U.S. bond funds saw biggest weekly inflow in 18 months in early Jan

Reuters

Published Jan 13, 2023 06:46AM ET

(Reuters) - U.S. bond funds attracted their biggest weekly inflow in 18 months in the seven days to Jan. 4 on signs of cooling inflation that boosted hopes the Federal Reserve might scale back the size of its interest rate hikes.

Refinitiv Lipper data showed U.S. bond funds attracted a net $10.52 billion worth of purchases, the biggest weekly inflow since late June 2021.

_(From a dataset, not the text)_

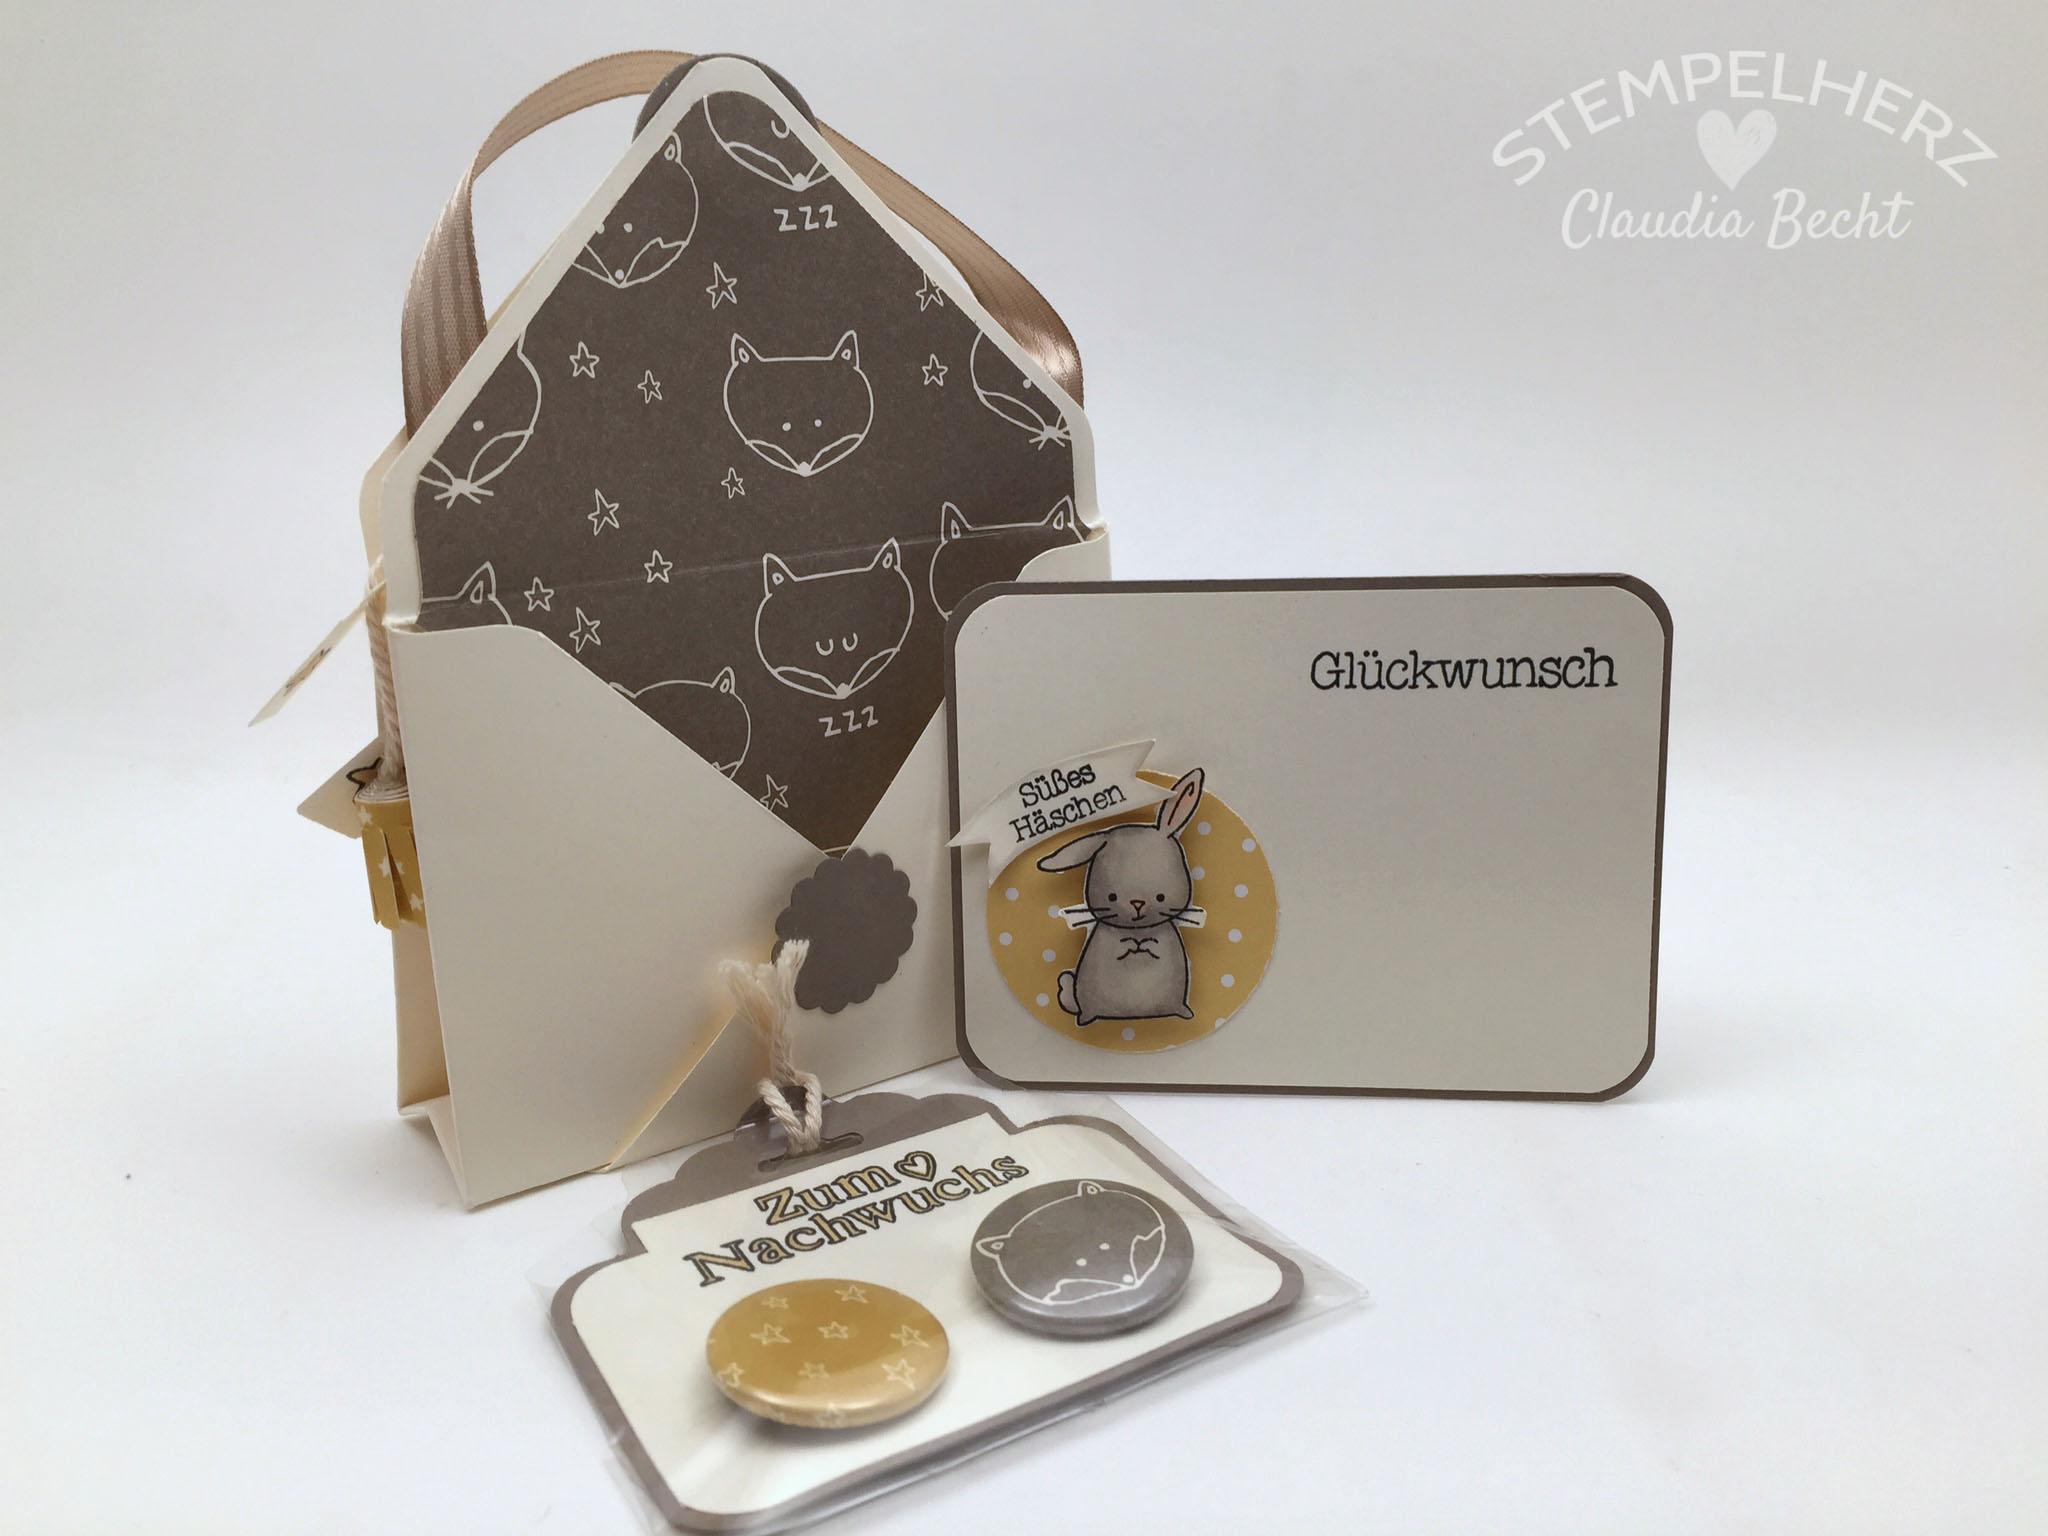 Stampin Up-Stempelherz-Double Pocket Card-Babykarte-Geschenkidee Geburt-Zum Nachwuchs-Double Pocket Card Zum Nachwuchs 03b

Data released on Thursday showed U.S. consumer prices unexpectedly fell for the first time in more than 2-1/2 years in December amid declining costs for gasoline and other goods, suggesting that inflation was now on a sustained downward trend.

U.S. taxable bond funds received $8.8 billion, the biggest weekly inflow since late June 2021, while municipal bond funds attracted a net $1.74 billion.

Investors purchased U.S. short/intermediate investment-grade funds of $3.63 billion in their most extensive weekly net buying since Jan 2022, while high-yield, general domestic taxable fixed income, and government bond funds received $2.35 billion, $1.82 billion and $927 million, respectively.

Outflows from equity funds, meanwhile, dropped to an eight-week low of $2.01 billion.

U.S. growth and value funds remained out of favour, with net selling worth about $4 billion and $757 million, respectively.